(Beginning of EXTRACTED DATA)

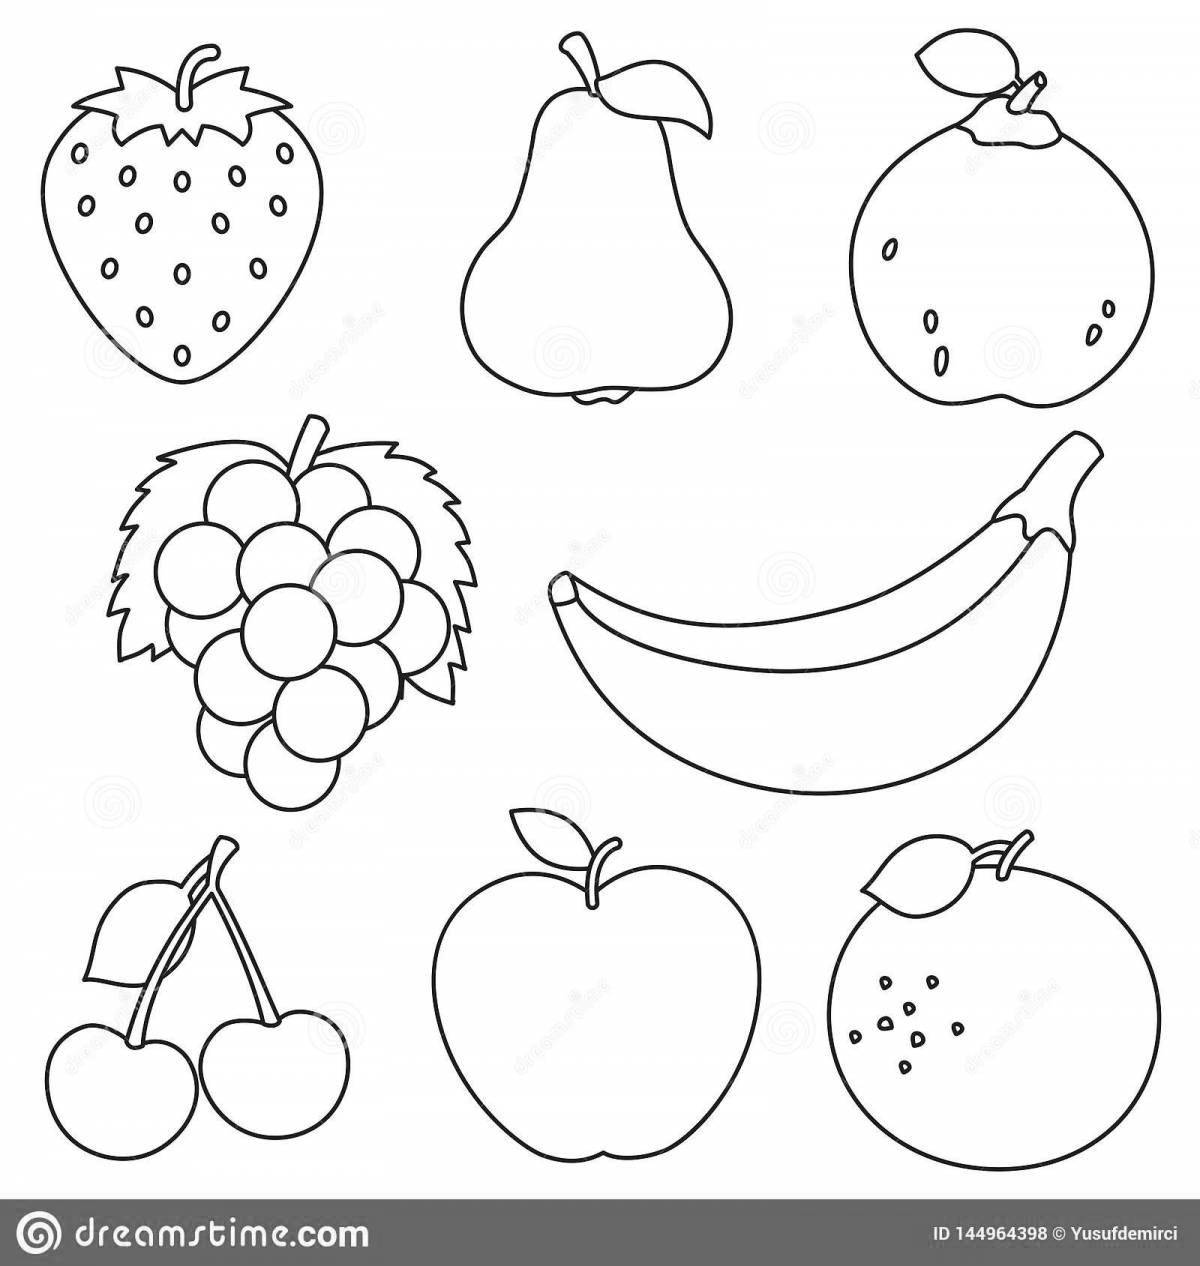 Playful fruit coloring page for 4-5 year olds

(End of EXTRACTED DATA)
(Beginning of EXTRACTED DATA)

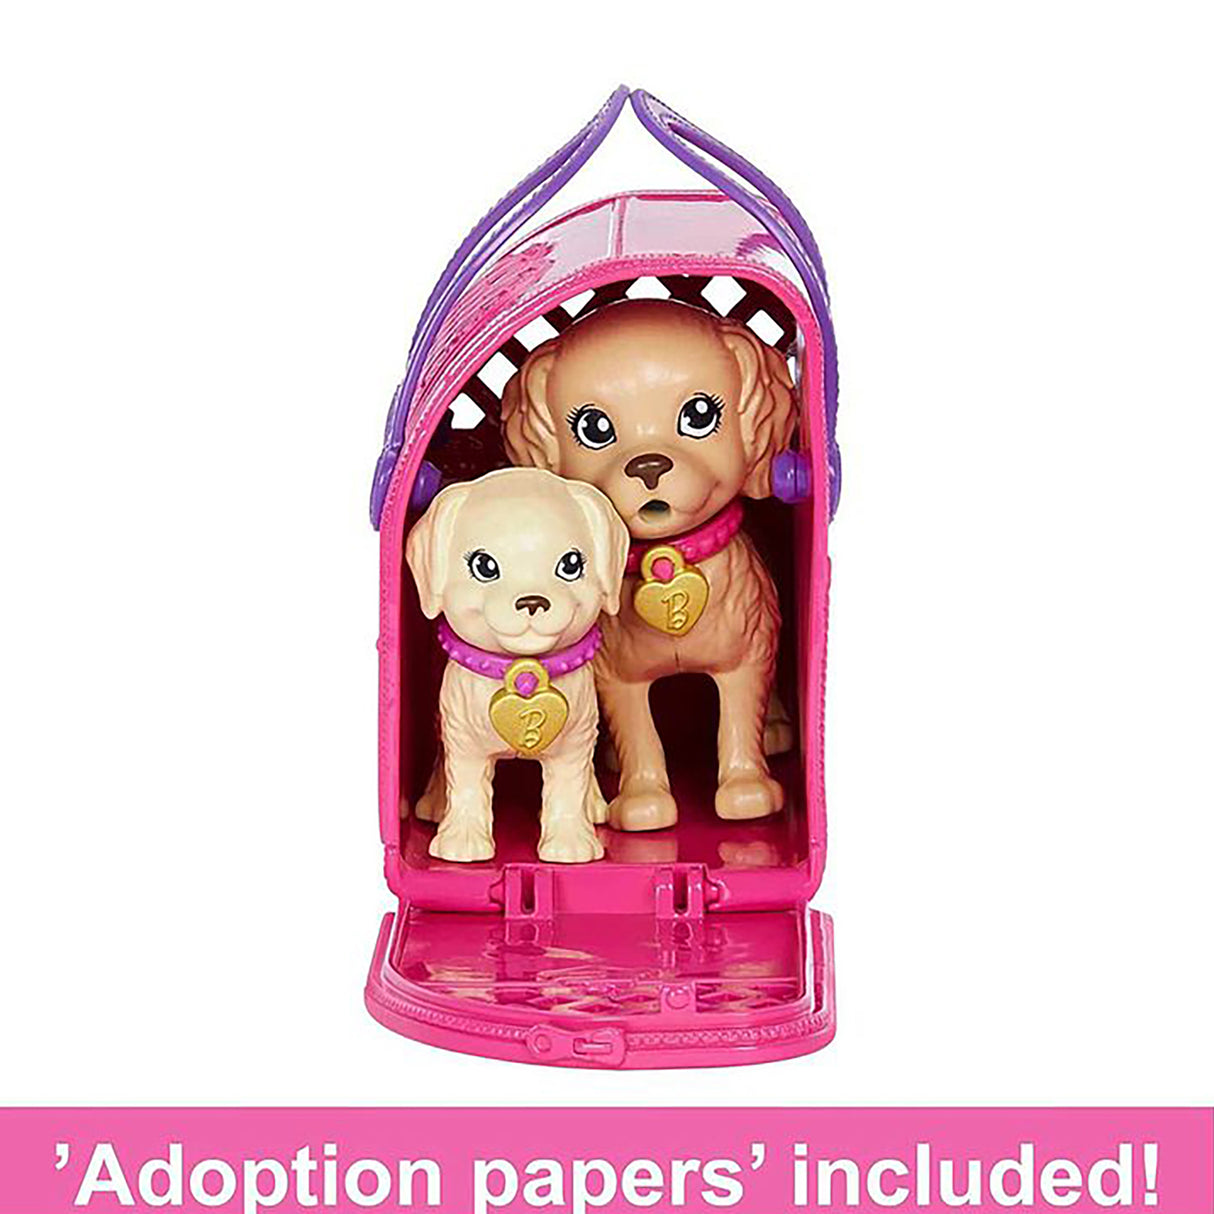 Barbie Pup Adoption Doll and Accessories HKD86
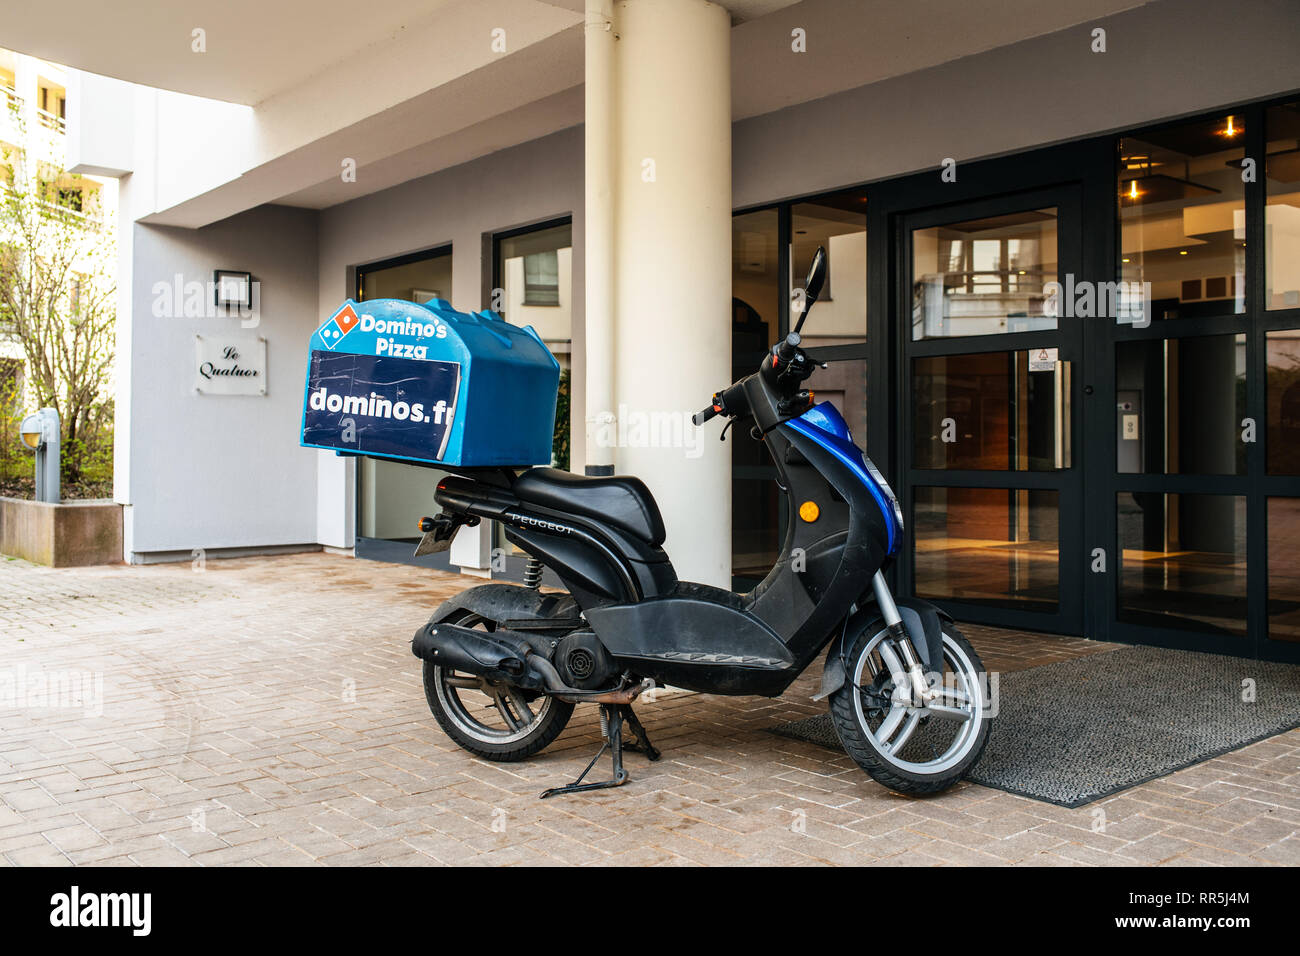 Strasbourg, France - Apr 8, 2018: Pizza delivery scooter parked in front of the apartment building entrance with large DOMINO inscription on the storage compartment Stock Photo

(End of EXTRACTED DATA)

WORK TASK — Nothing but the lines above from the line with "Barbie Pup Adoption" up to and including the line with "Strasbourg, France - Apr" should be returned, exactly as written and without pictures.

WRITTEN REPLY —
 Barbie Pup Adoption Doll and Accessories HKD86
 Strasbourg, France - Apr 8, 2018: Pizza delivery scooter parked in front of the apartment building entrance with large DOMINO inscription on the storage compartment Stock Photo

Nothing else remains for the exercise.